In April 2017, Andhra Pradesh became the second state in the country, after Madhya Pradesh, to set up a department dedicated to happiness.
“We have already requested several municipalities to earmark some space to organize ‘Happy Sundays’, so that people can come out to a public space and play, dance or sing,” Naidu said. “We used to talk only about development. But governments should focus on happiness too. People need to be able to lead a meaningful life,” he added.
The happiness commission is expected to launch a series of concrete initiatives to achieve these broad, abstract goals. A framework for measuring city happiness will also be launched at the end of the summit.
Borrowing heavily from Bhutan’s Gross National Index, the Thriving Places Index from Bristol, UK, and the Indian government’s Liveability Index, the framework is expected to capture citizens’ freedom to make life choices, extent of safety net, access to clean environment and perceptions of corruption.

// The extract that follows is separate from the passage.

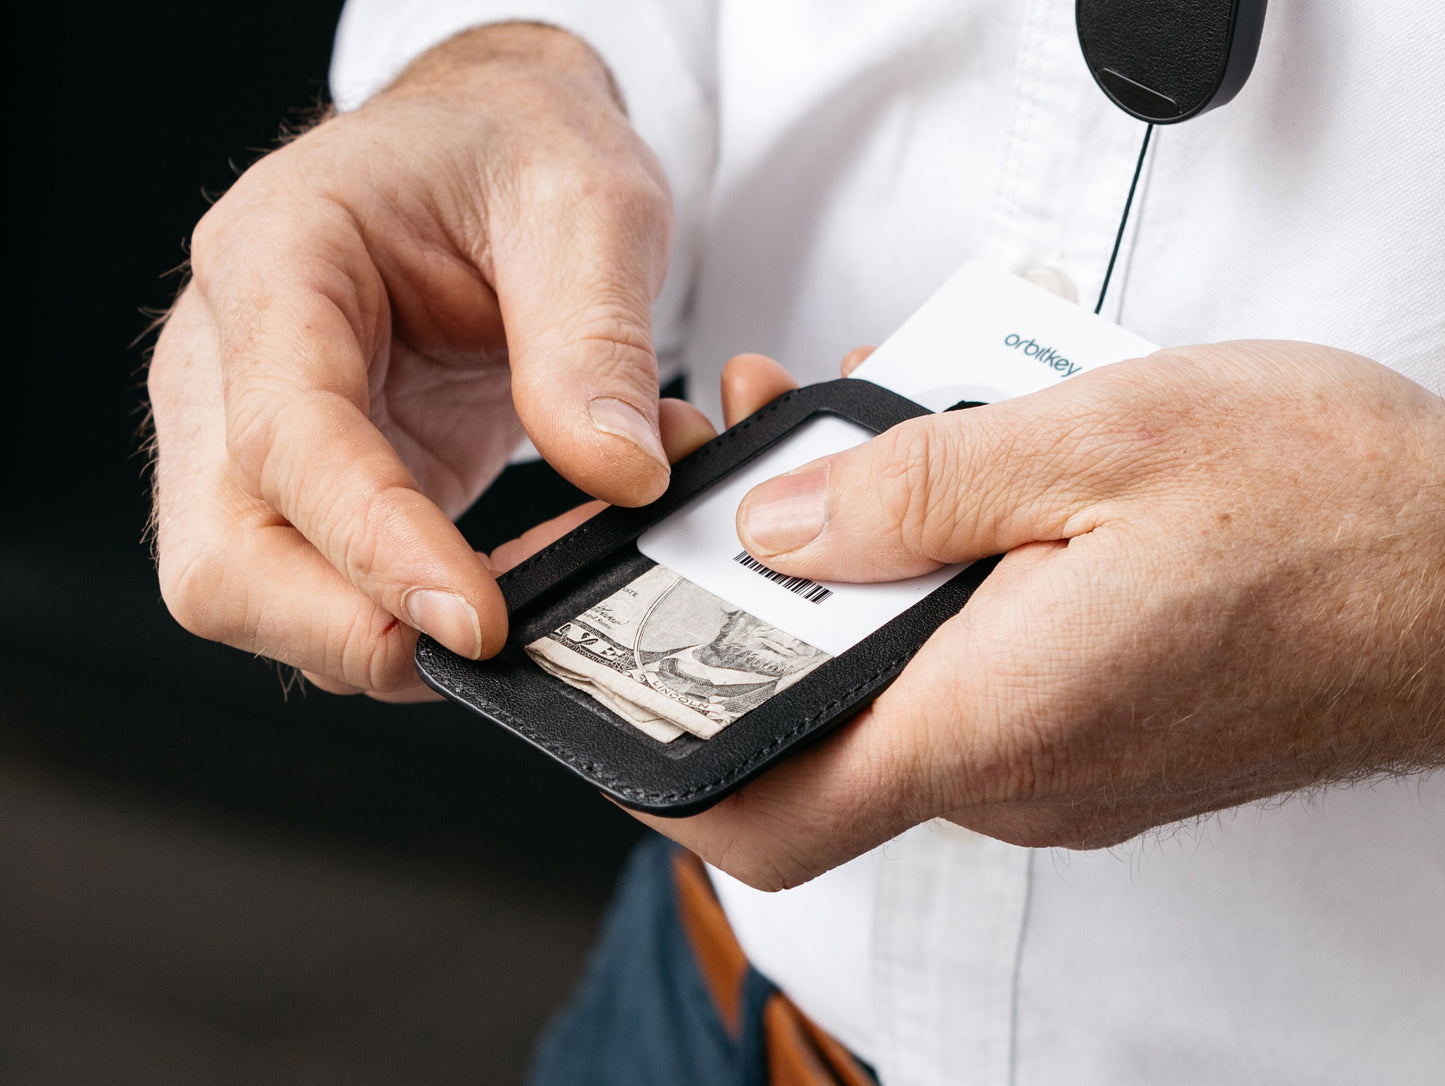 Orbitkey ID Card Holder Pro review - The Gadgeteer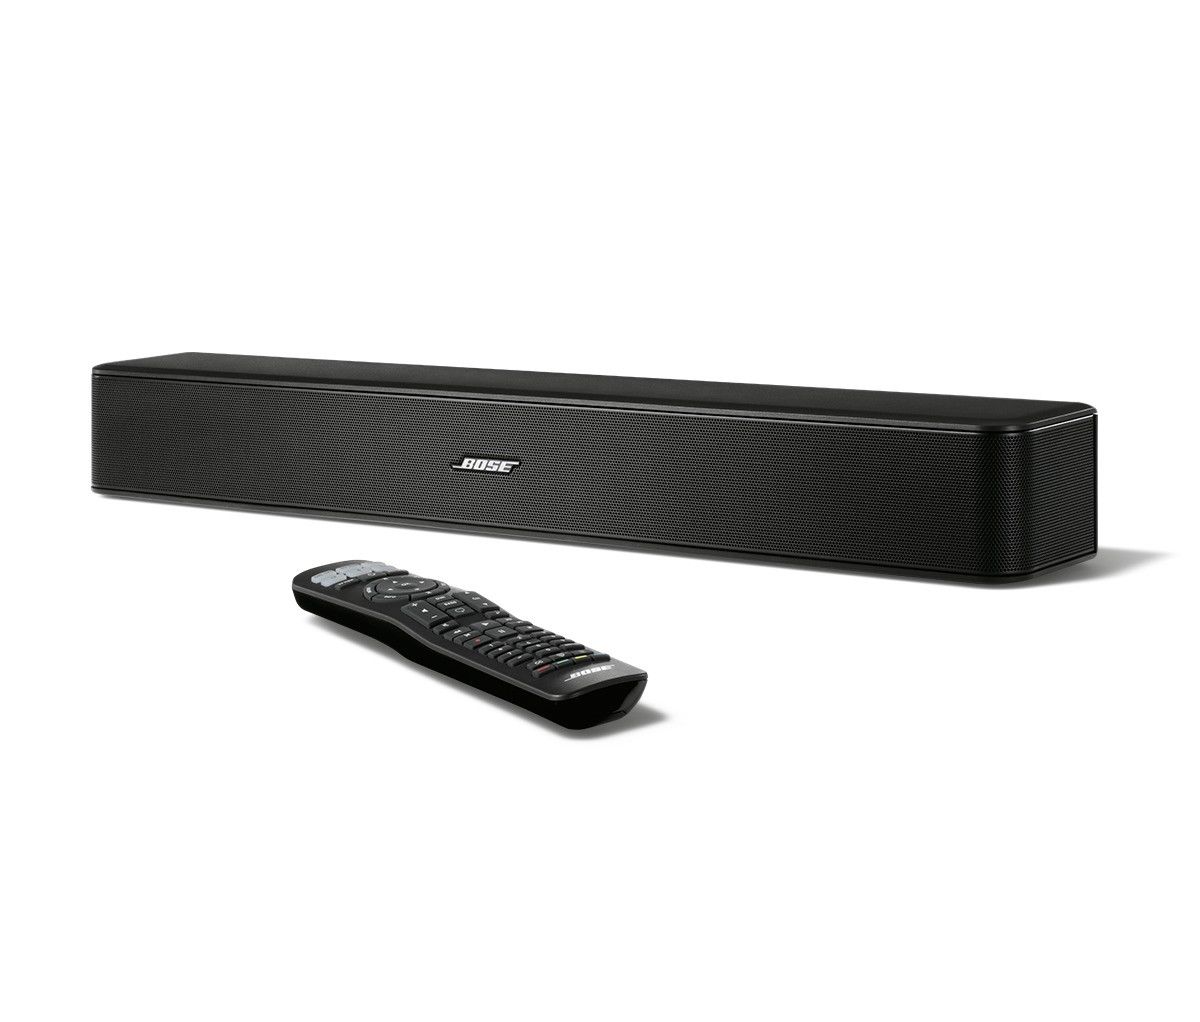 Bose refurbished Solo 5 TV sound system for $120, free shipping

While Bhutan is the global pioneer, several countries such as the United Arab Emirates have recently created a national ministry to promote happiness. Earlier this year, the UK appointed a minister to tackle loneliness, especially in urban settings.
Many of these initiatives have also received their share of criticism. Madhya Pradesh which has had a dedicated government wing to promote happiness for two years has been accused by critics of treating the initiative as nothing more than a publicity stunt.
In the case of Amaravati, there is also the issue of factoring in the farmers who gave up their land to build the capital. While the government claims the 34,000 acres accumulated through land pooling is a result of farmers giving up land happily and voluntarily, there are many reports of coercion. The farmers are expected to receive a portion of their land back as developed plots under the terms of the pooling policy and will thus become the first citizens of the new city.
In the most recent World Happiness Report released in March 2018, India was ranked 133rd out of 156 countries. Except for war-torn Afghanistan, every country in South Asia has ranked higher than India for several years. Pakistan and Bangladesh were placed at 75 and 115, respectively.